_Your assignment_
Write out exactly the lines below that run from the one containing "贅沢な高速道路ボタンRunLife(ランライフ) 靴修理 シューズ補修材『" through the one containing "La fecha de", both included, with no other lines.

_Dataset content_
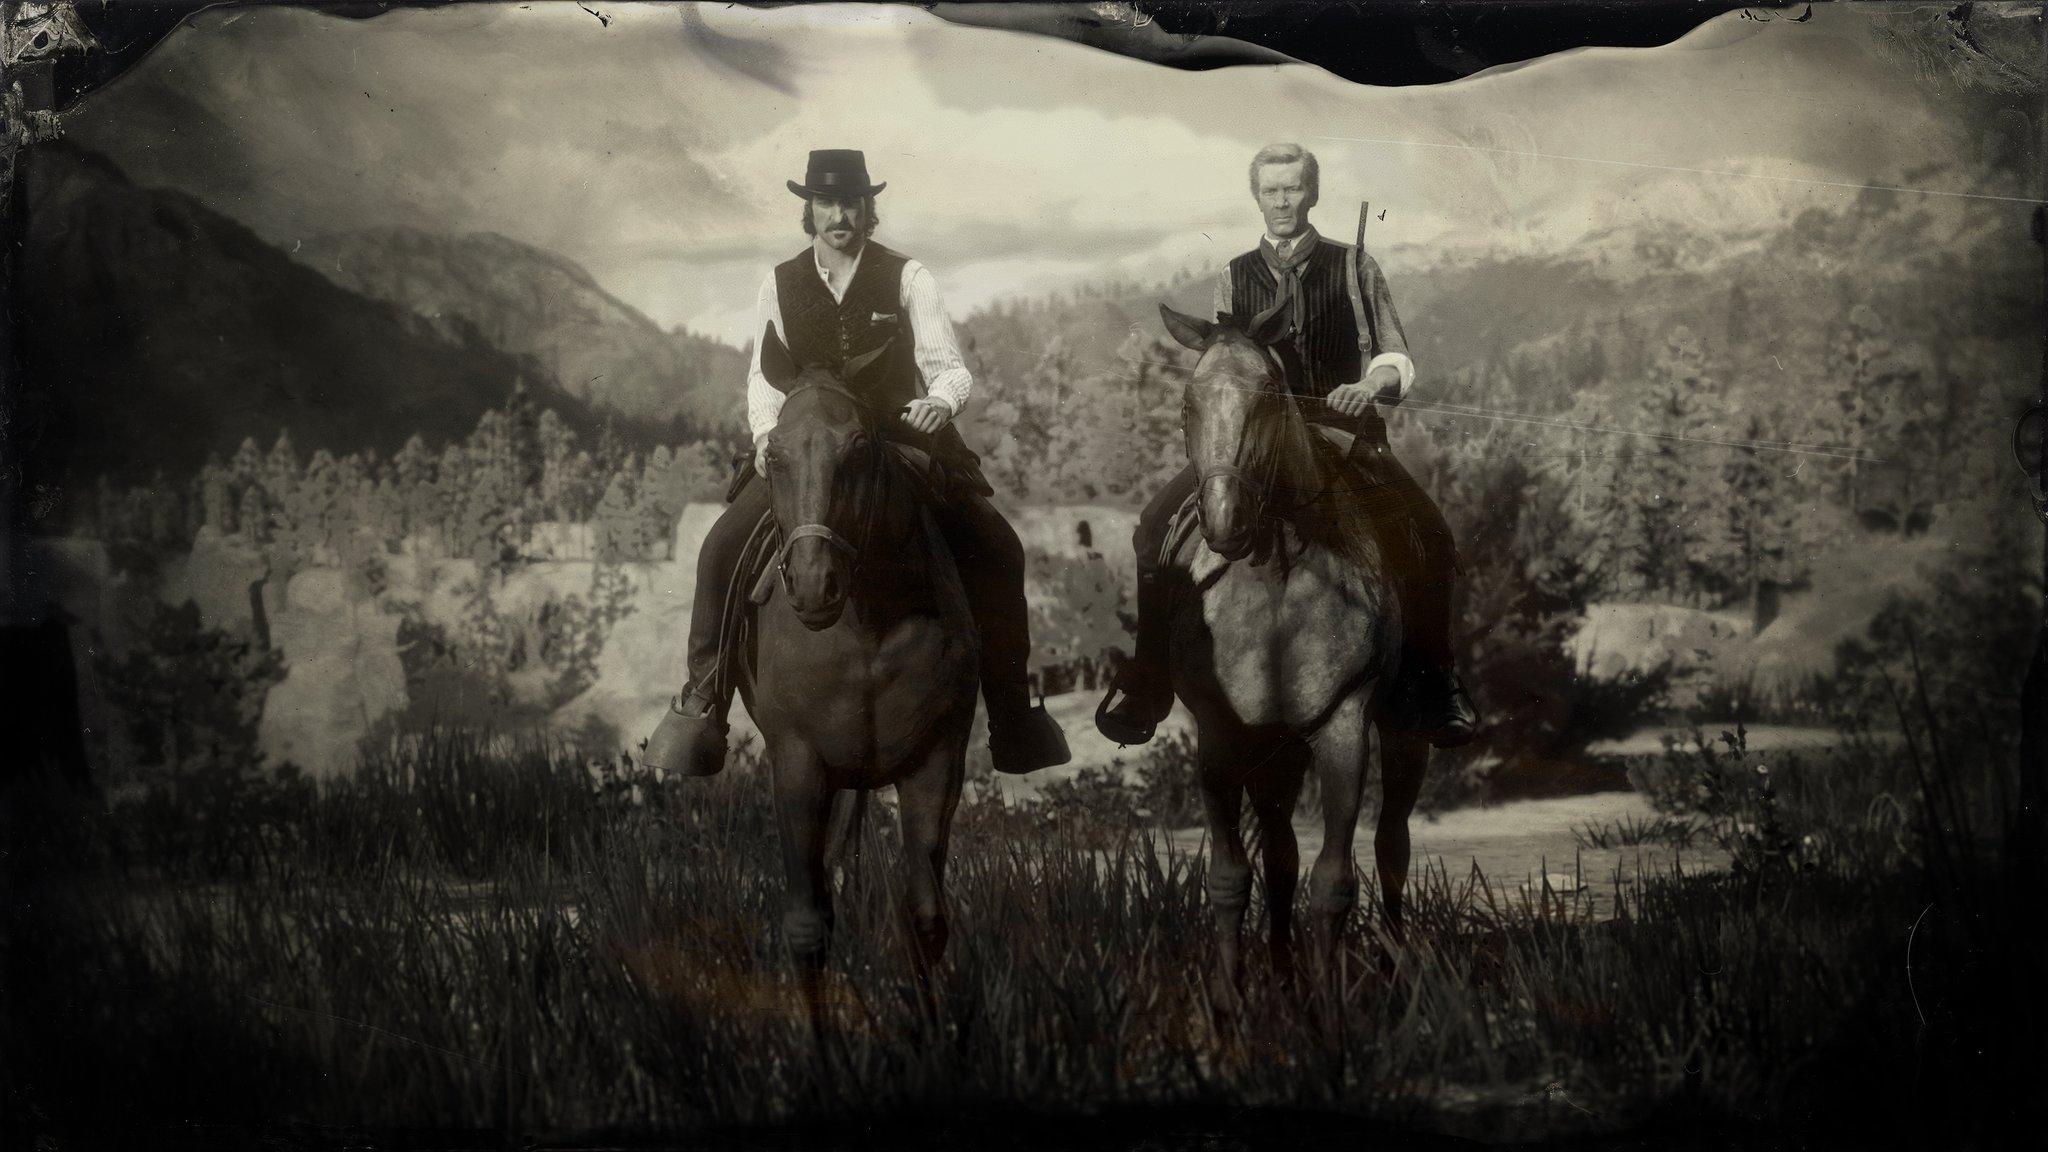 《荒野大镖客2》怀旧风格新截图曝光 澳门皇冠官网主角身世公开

---

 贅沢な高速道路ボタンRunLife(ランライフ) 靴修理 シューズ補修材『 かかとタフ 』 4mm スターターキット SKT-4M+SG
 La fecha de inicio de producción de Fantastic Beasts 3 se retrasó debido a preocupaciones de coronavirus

_Reply_
 贅沢な高速道路ボタンRunLife(ランライフ) 靴修理 シューズ補修材『 かかとタフ 』 4mm スターターキット SKT-4M+SG
 La fecha de inicio de producción de Fantastic Beasts 3 se retrasó debido a preocupaciones de coronavirus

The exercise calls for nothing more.